Barnes & Noble Tout "Diversity" and First Amendment Rights (?) in Defense of Selling OJ's "Book."

This is the actual response I received after e-mailing B&N regarding their decision to carry OJ's The Idiot's Guide to Killing Your Ex-Wife and Her Boyfriend. I'm especially amused by their comparing it in the same sentence to tomes by Mark Twain, William Shirer and the Dr. James Dobson, long-rumored ghost author of all versions of The Bible.

Dear Customer,

Thank you for your e-mail. As booksellers, we carry thousands of books whose subject matter somemay find offensive. Over the years, we have received countless requestsand demands to stop selling everything from The Merchant of Venice to The Adventures of Huckleberry Finn, The Rise and Fall of the Third Reich, even The Living Bible.

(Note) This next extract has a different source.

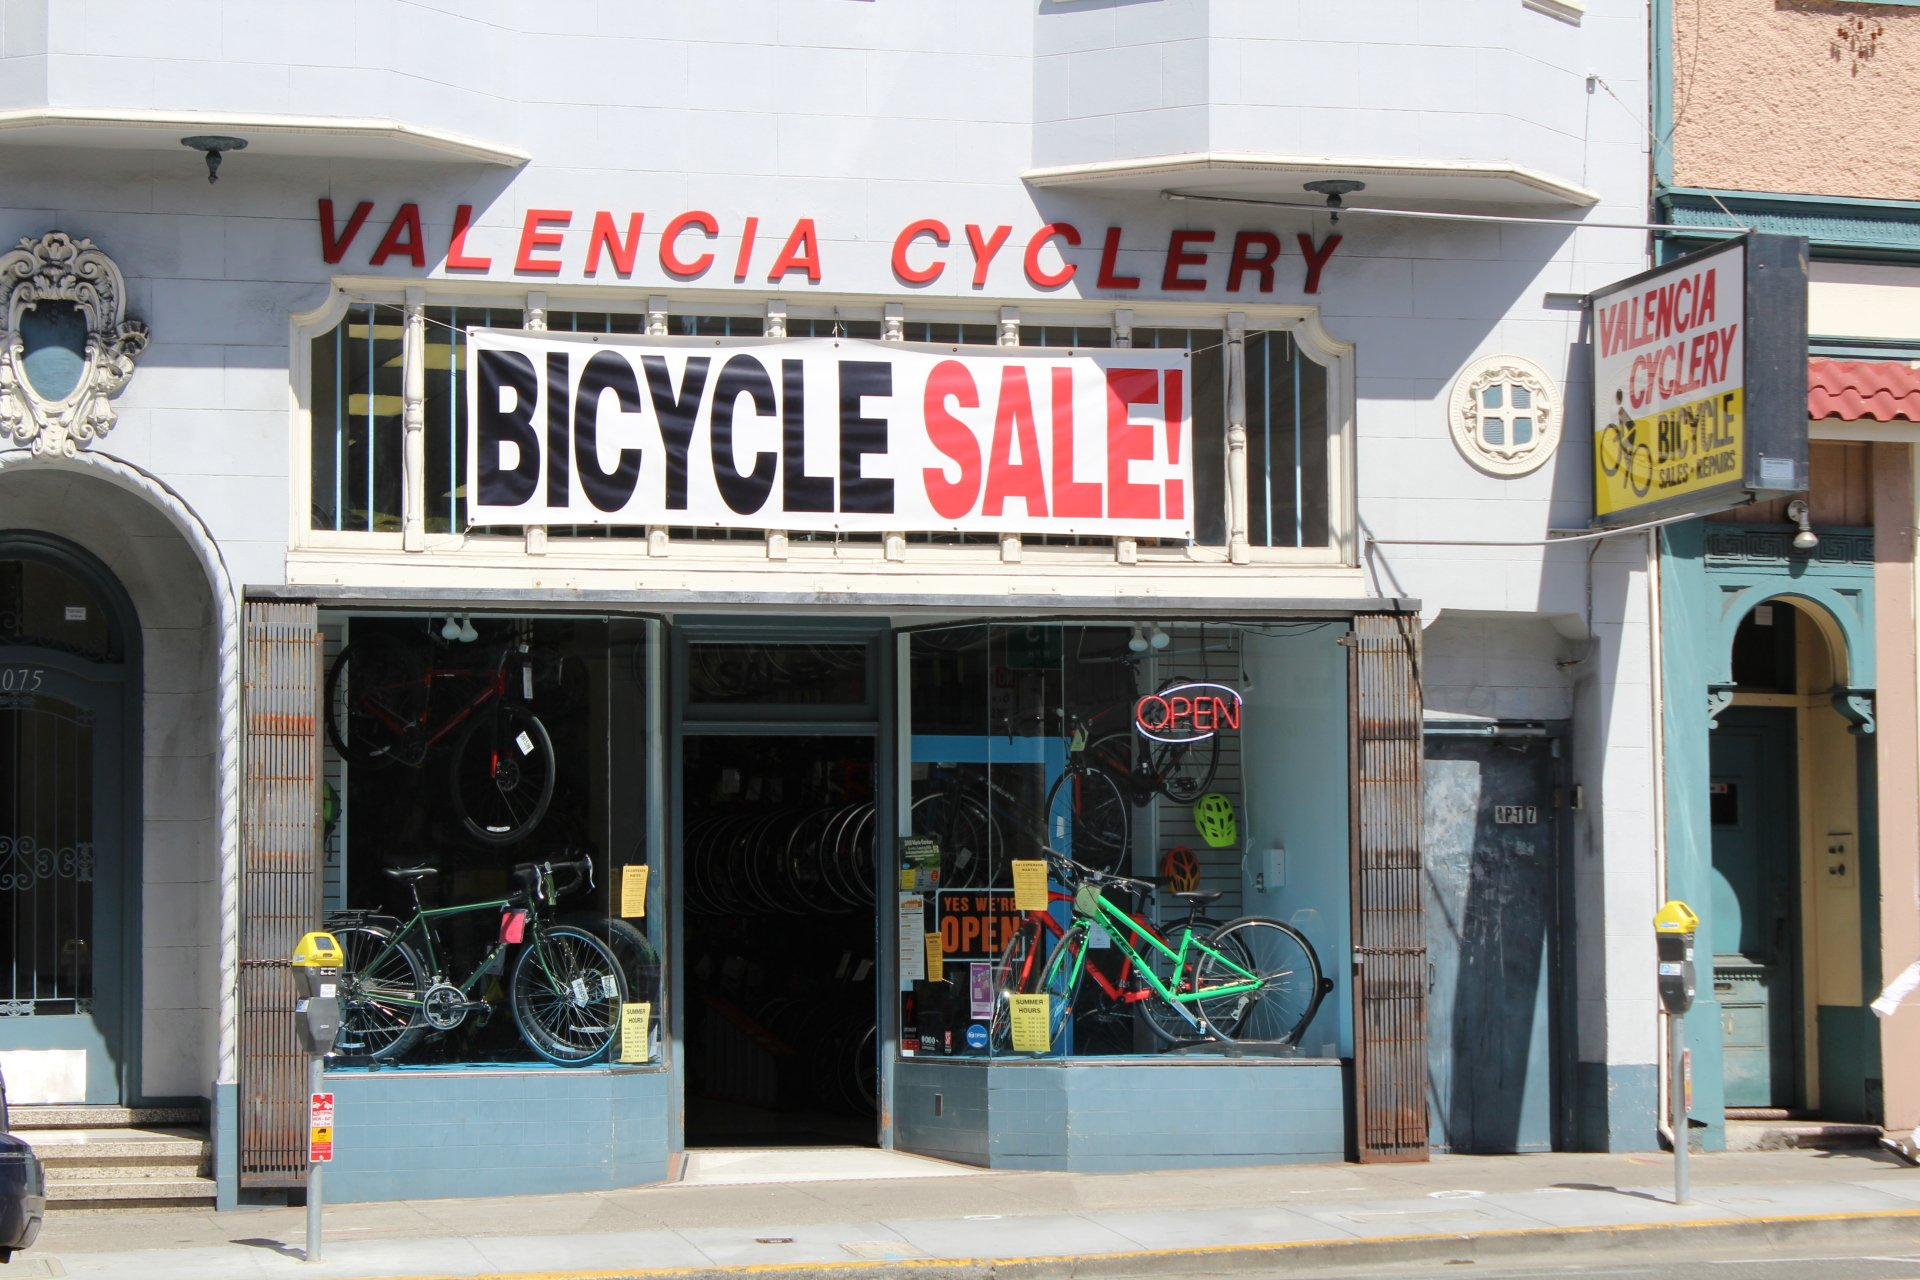 Bike Shop & Bike Repair San Francisco, CA - Valencia Cyclery

At Barnes & Noble, we take our mission very seriously - to be a valuable resource to our customers, bringing books and ideas to the public. We live in a diverse culture, and that diversity is reflected in the wide range of interests, philosophies, and lifestyles of our customers. The guiding principle we use is to offer every book in print and allow our customers to decide what to buy and read. After all, freedom of choice is at the very heart of our democratic society. It is understandable that some people may strongly oppose the content of a particular title and choose not to purchase it; we respect their opinions. In return, we ask that our customers respect our responsibility to offer a selection of reading materials as diverse as the society in which we live - the very society that grants the freedom for these materials to exist.